Copy exactly the lines of the data below that run from the line holding "Alternate Image 1" through the line holding "Vergesst Tripadvisor und", both ends included.
━━ Entries supplied
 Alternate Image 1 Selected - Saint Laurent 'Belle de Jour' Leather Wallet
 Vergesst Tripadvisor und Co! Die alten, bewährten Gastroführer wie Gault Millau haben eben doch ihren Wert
━━━━
━━ Entries supplied
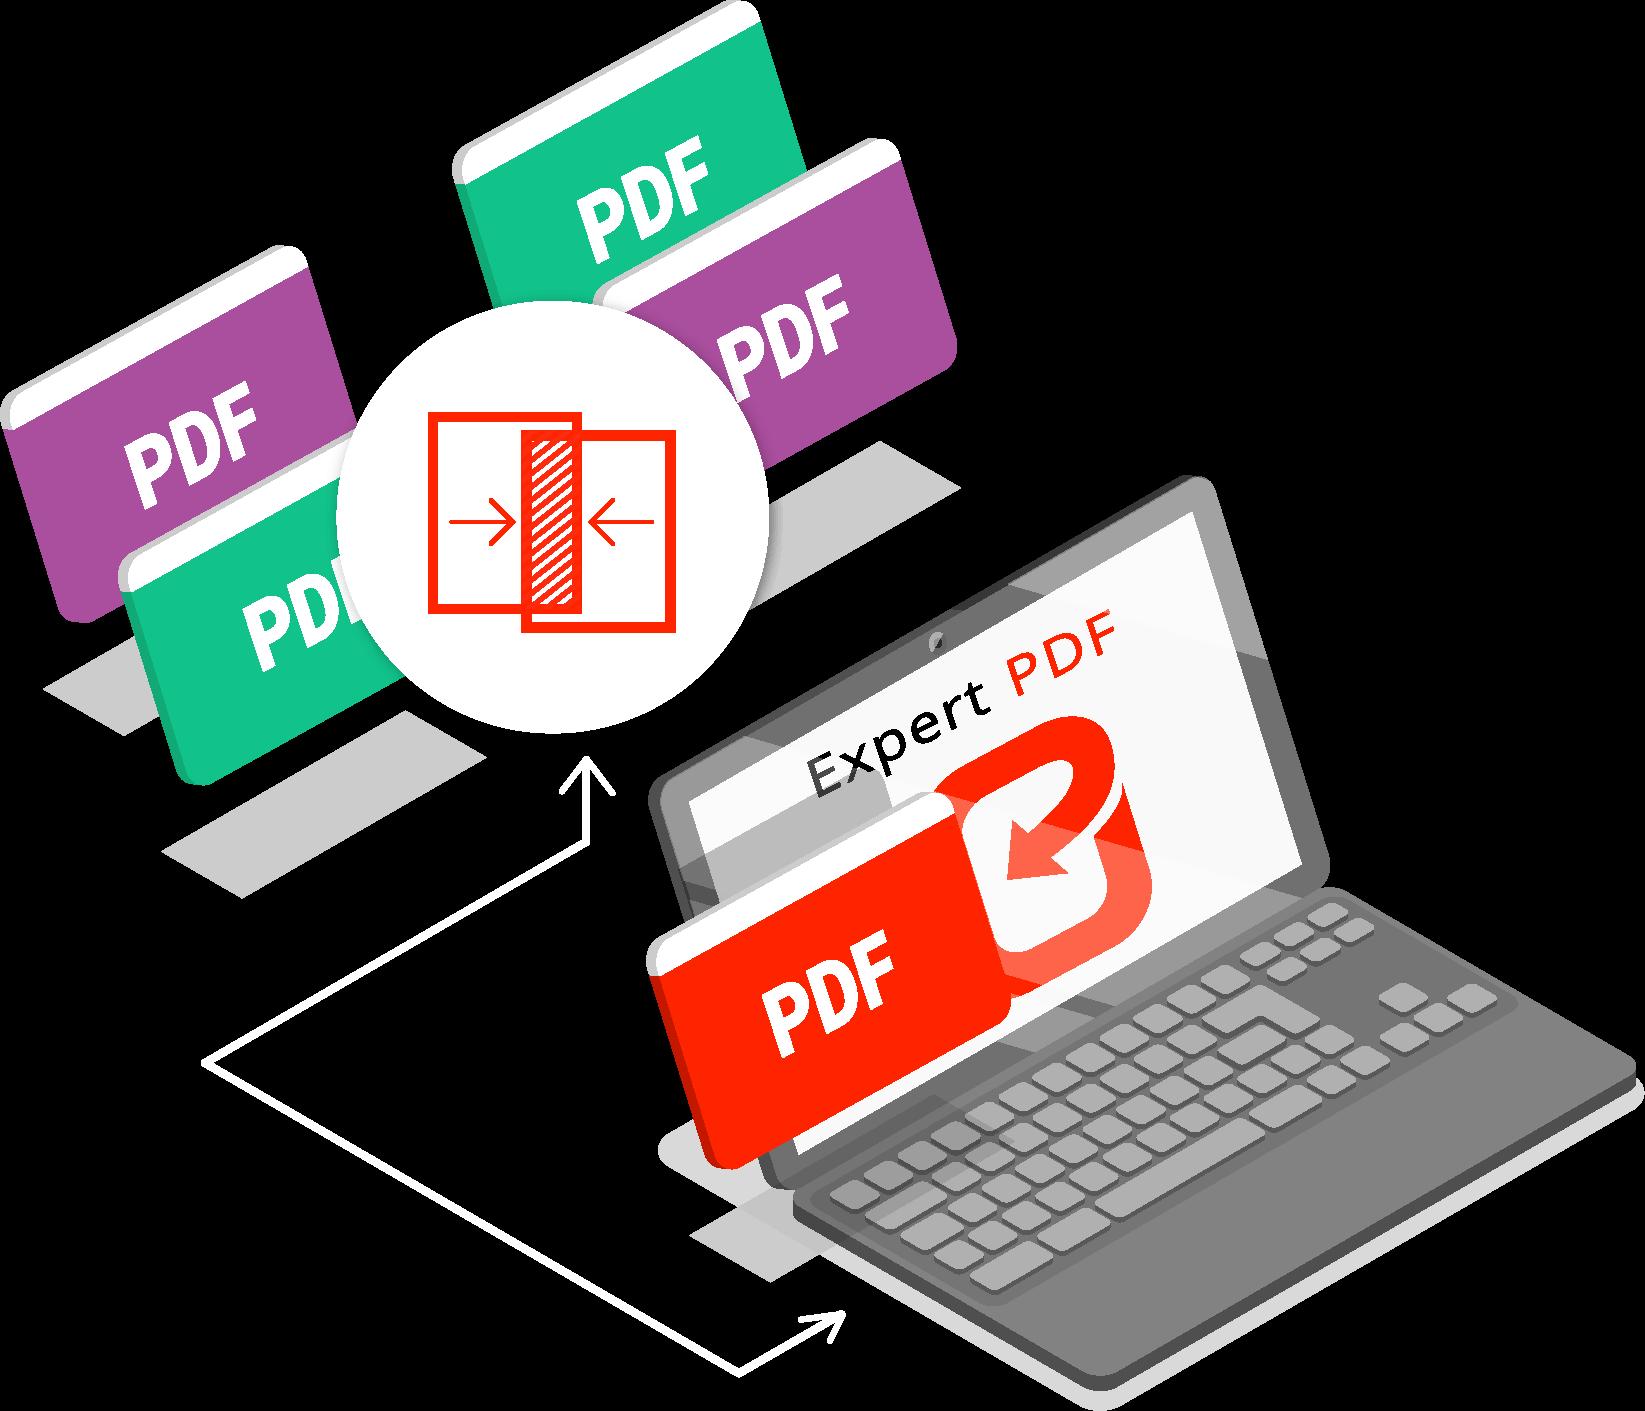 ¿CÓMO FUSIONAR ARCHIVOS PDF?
━━━━
● Output below:
 Alternate Image 1 Selected - Saint Laurent 'Belle de Jour' Leather Wallet
 Vergesst Tripadvisor und Co! Die alten, bewährten Gastroführer wie Gault Millau haben eben doch ihren Wert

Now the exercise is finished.